#### [Task description]
Pictures stay out, but every line of the data is copied exactly.

[Source data — start]

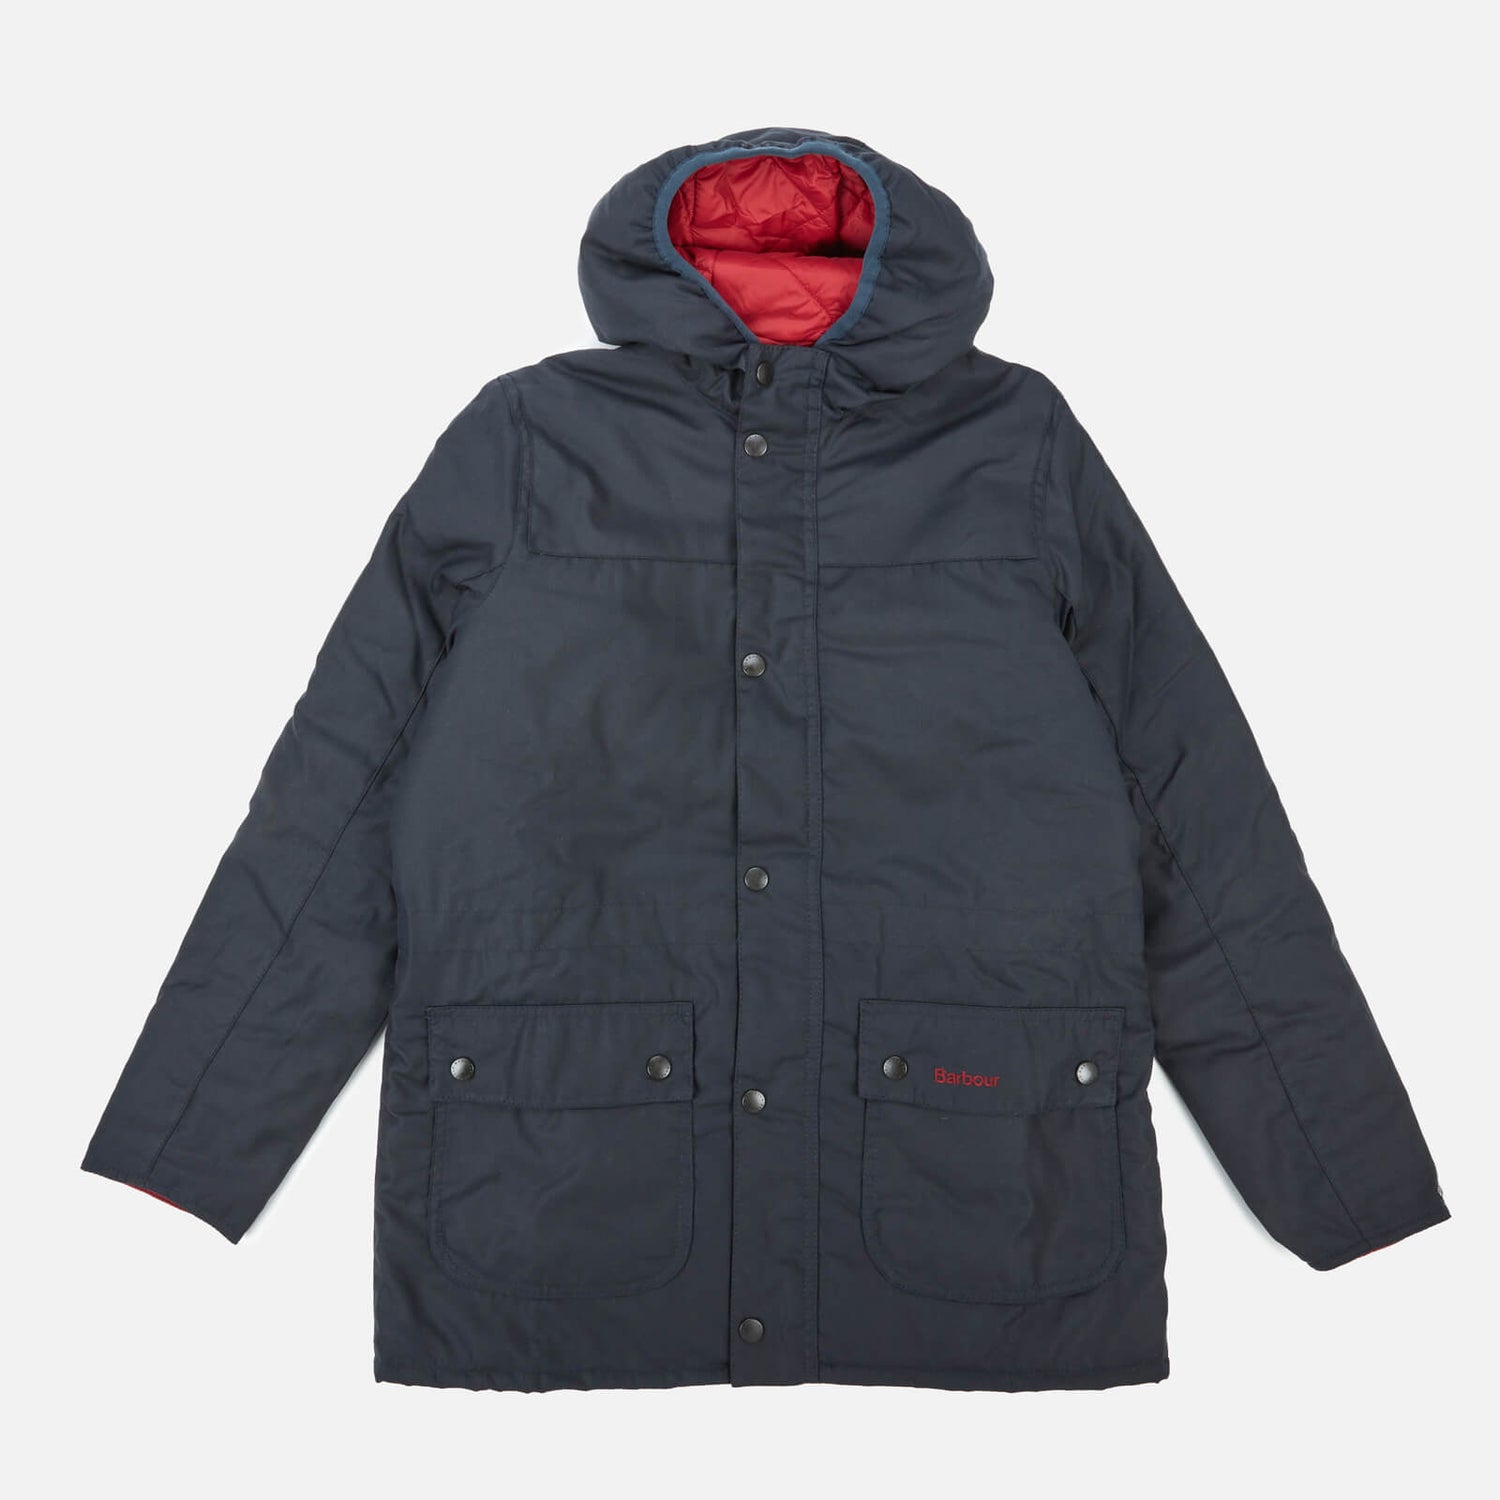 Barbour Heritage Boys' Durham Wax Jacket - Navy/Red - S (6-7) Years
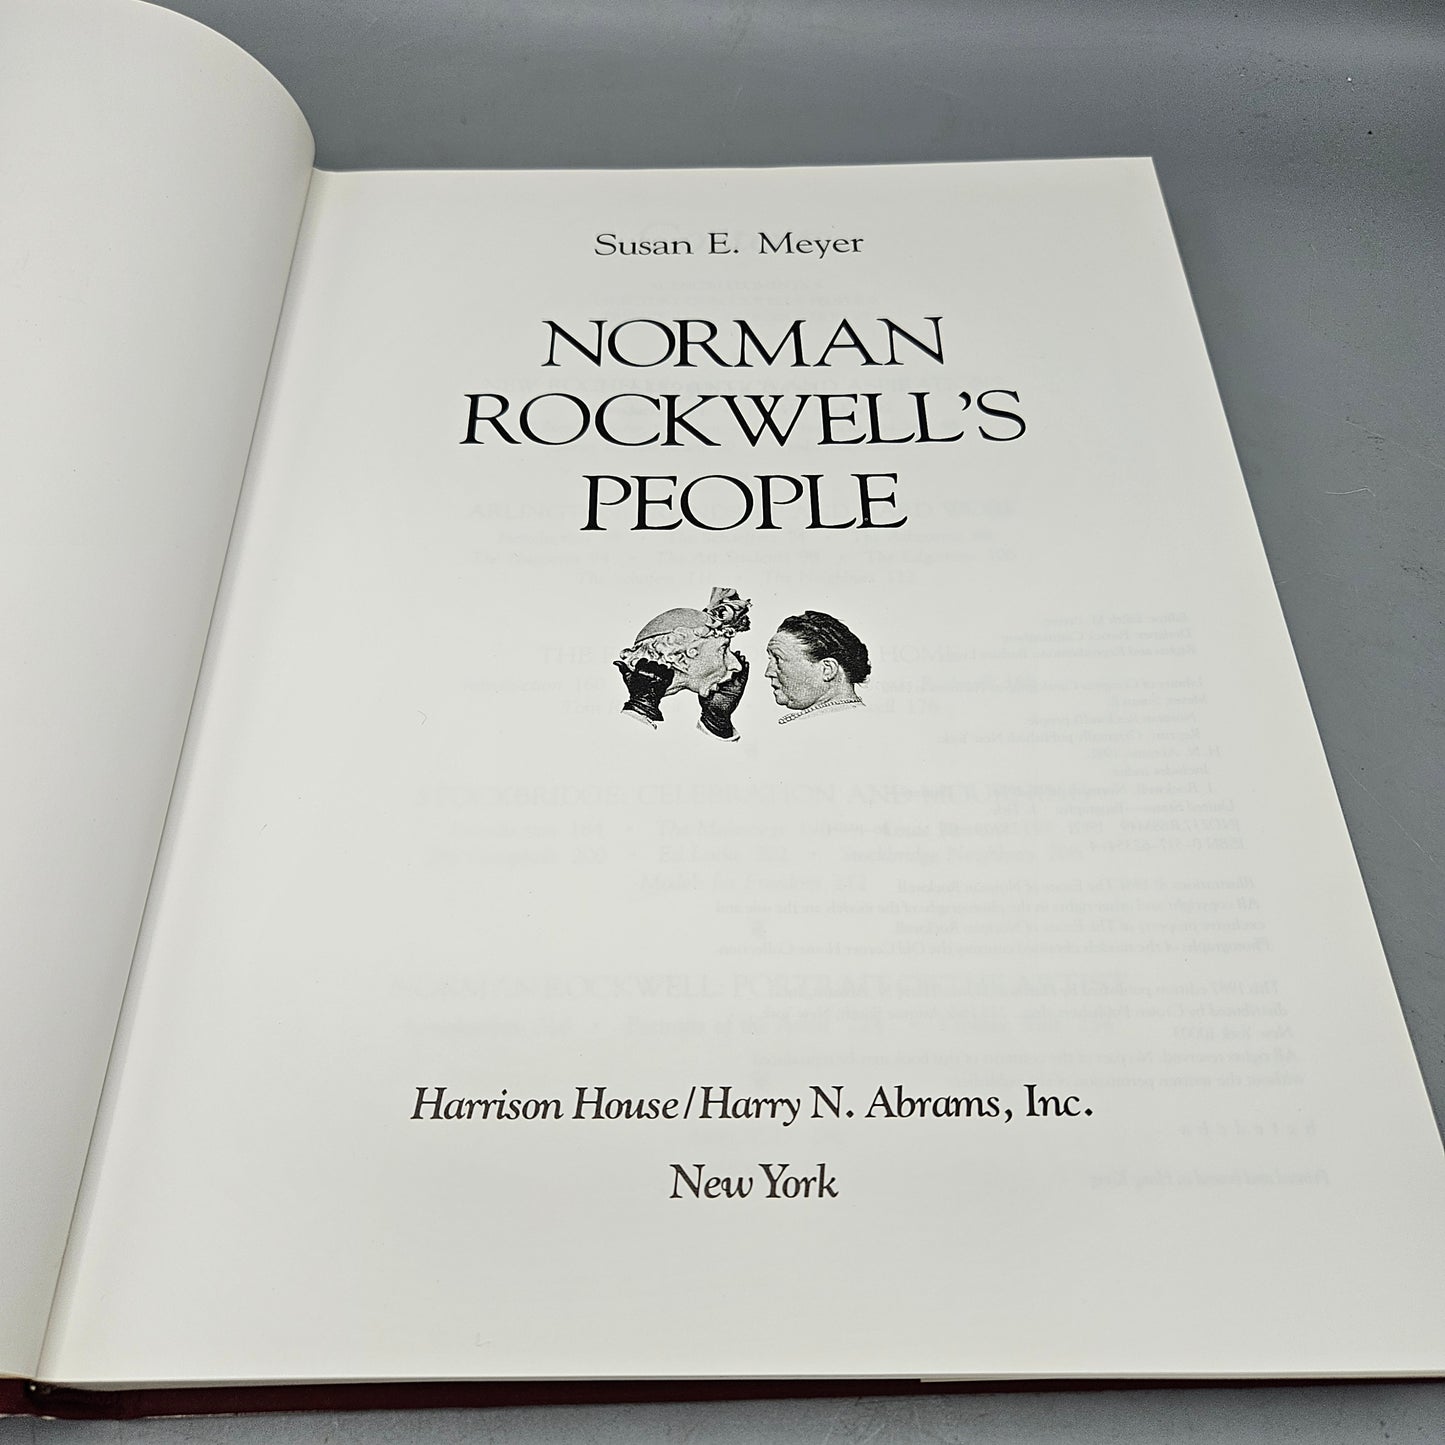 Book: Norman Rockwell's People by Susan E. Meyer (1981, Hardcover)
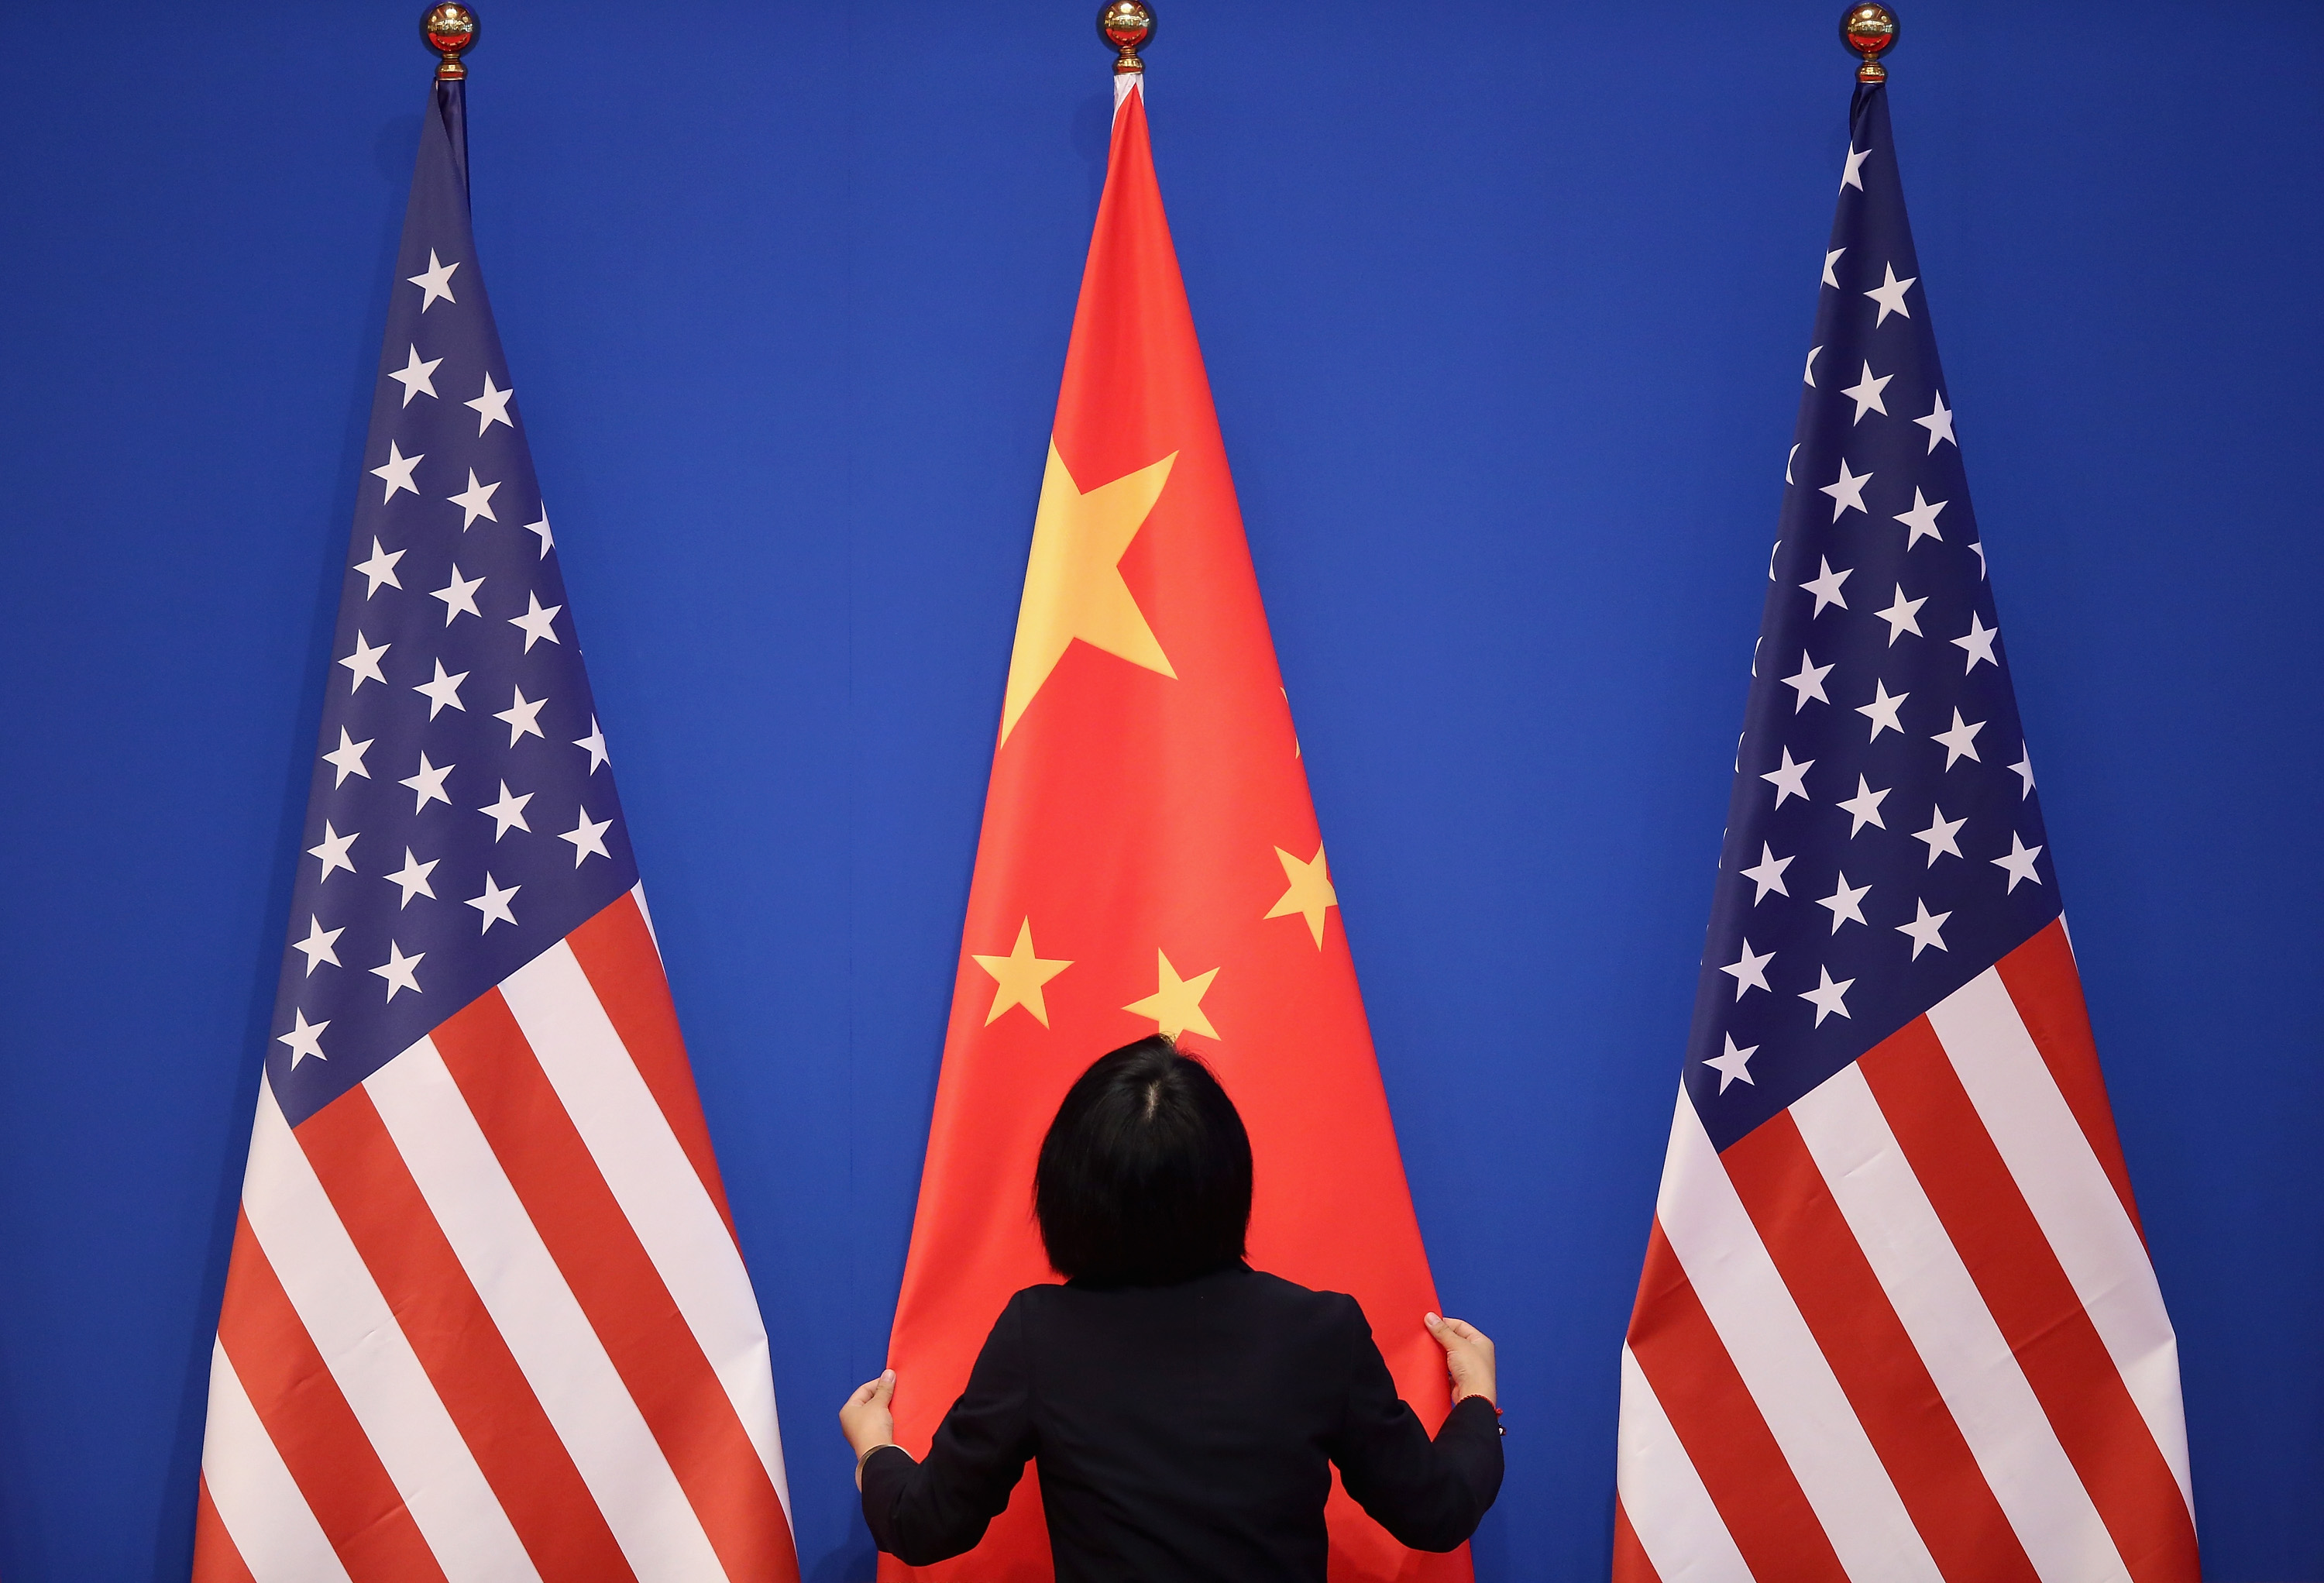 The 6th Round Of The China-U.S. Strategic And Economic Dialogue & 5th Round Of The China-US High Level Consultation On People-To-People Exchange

[Source data — finish]

#### [Exercise response]
 Barbour Heritage Boys' Durham Wax Jacket - Navy/Red - S (6-7) Years
 Book: Norman Rockwell's People by Susan E. Meyer (1981, Hardcover)
 The 6th Round Of The China-U.S. Strategic And Economic Dialogue & 5th Round Of The China-US High Level Consultation On People-To-People Exchange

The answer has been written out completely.